● Try it
Return the data below exactly, stopping after the line with "Home-X Microwave Sauce Pan with Lid".

● Extracted information

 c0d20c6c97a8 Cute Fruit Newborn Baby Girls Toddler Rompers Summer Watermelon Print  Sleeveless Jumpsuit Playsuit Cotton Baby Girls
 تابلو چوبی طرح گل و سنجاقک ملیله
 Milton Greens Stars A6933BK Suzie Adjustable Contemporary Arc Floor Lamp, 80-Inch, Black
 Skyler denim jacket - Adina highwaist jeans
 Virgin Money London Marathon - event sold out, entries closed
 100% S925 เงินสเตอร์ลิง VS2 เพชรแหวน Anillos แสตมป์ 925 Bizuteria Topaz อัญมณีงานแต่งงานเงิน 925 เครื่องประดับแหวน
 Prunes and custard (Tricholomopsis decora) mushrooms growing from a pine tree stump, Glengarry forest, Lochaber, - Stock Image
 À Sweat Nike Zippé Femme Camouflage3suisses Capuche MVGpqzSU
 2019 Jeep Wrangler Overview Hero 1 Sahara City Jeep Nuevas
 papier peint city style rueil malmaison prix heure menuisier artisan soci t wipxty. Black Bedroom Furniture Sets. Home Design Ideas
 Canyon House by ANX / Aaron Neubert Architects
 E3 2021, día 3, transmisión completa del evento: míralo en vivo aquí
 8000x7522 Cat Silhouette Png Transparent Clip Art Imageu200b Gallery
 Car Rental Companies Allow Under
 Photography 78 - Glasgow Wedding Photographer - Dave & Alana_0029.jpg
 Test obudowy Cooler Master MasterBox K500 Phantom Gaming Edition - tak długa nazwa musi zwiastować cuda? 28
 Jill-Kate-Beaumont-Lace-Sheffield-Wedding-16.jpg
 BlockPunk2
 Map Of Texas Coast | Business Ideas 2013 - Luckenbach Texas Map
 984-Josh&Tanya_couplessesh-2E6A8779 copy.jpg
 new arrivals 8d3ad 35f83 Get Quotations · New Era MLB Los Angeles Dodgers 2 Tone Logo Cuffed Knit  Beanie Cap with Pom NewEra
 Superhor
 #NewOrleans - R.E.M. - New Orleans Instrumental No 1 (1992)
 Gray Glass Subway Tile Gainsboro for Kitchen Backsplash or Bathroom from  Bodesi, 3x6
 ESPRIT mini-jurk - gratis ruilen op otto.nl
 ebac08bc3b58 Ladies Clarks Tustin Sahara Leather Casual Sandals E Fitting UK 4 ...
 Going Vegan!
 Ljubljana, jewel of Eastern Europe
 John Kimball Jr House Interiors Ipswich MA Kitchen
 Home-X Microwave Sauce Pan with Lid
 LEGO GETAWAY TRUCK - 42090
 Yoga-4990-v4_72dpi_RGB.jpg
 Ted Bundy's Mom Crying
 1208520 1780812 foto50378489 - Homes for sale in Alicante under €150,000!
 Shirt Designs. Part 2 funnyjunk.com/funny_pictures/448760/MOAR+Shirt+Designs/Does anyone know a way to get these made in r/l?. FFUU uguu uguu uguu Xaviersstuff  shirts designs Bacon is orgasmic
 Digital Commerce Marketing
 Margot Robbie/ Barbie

● Result
 c0d20c6c97a8 Cute Fruit Newborn Baby Girls Toddler Rompers Summer Watermelon Print  Sleeveless Jumpsuit Playsuit Cotton Baby Girls
 تابلو چوبی طرح گل و سنجاقک ملیله
 Milton Greens Stars A6933BK Suzie Adjustable Contemporary Arc Floor Lamp, 80-Inch, Black
 Skyler denim jacket - Adina highwaist jeans
 Virgin Money London Marathon - event sold out, entries closed
 100% S925 เงินสเตอร์ลิง VS2 เพชรแหวน Anillos แสตมป์ 925 Bizuteria Topaz อัญมณีงานแต่งงานเงิน 925 เครื่องประดับแหวน
 Prunes and custard (Tricholomopsis decora) mushrooms growing from a pine tree stump, Glengarry forest, Lochaber, - Stock Image
 À Sweat Nike Zippé Femme Camouflage3suisses Capuche MVGpqzSU
 2019 Jeep Wrangler Overview Hero 1 Sahara City Jeep Nuevas
 papier peint city style rueil malmaison prix heure menuisier artisan soci t wipxty. Black Bedroom Furniture Sets. Home Design Ideas
 Canyon House by ANX / Aaron Neubert Architects
 E3 2021, día 3, transmisión completa del evento: míralo en vivo aquí
 8000x7522 Cat Silhouette Png Transparent Clip Art Imageu200b Gallery
 Car Rental Companies Allow Under
 Photography 78 - Glasgow Wedding Photographer - Dave & Alana_0029.jpg
 Test obudowy Cooler Master MasterBox K500 Phantom Gaming Edition - tak długa nazwa musi zwiastować cuda? 28
 Jill-Kate-Beaumont-Lace-Sheffield-Wedding-16.jpg
 BlockPunk2
 Map Of Texas Coast | Business Ideas 2013 - Luckenbach Texas Map
 984-Josh&Tanya_couplessesh-2E6A8779 copy.jpg
 new arrivals 8d3ad 35f83 Get Quotations · New Era MLB Los Angeles Dodgers 2 Tone Logo Cuffed Knit  Beanie Cap with Pom NewEra
 Superhor
 #NewOrleans - R.E.M. - New Orleans Instrumental No 1 (1992)
 Gray Glass Subway Tile Gainsboro for Kitchen Backsplash or Bathroom from  Bodesi, 3x6
 ESPRIT mini-jurk - gratis ruilen op otto.nl
 ebac08bc3b58 Ladies Clarks Tustin Sahara Leather Casual Sandals E Fitting UK 4 ...
 Going Vegan!
 Ljubljana, jewel of Eastern Europe
 John Kimball Jr House Interiors Ipswich MA Kitchen
 Home-X Microwave Sauce Pan with Lid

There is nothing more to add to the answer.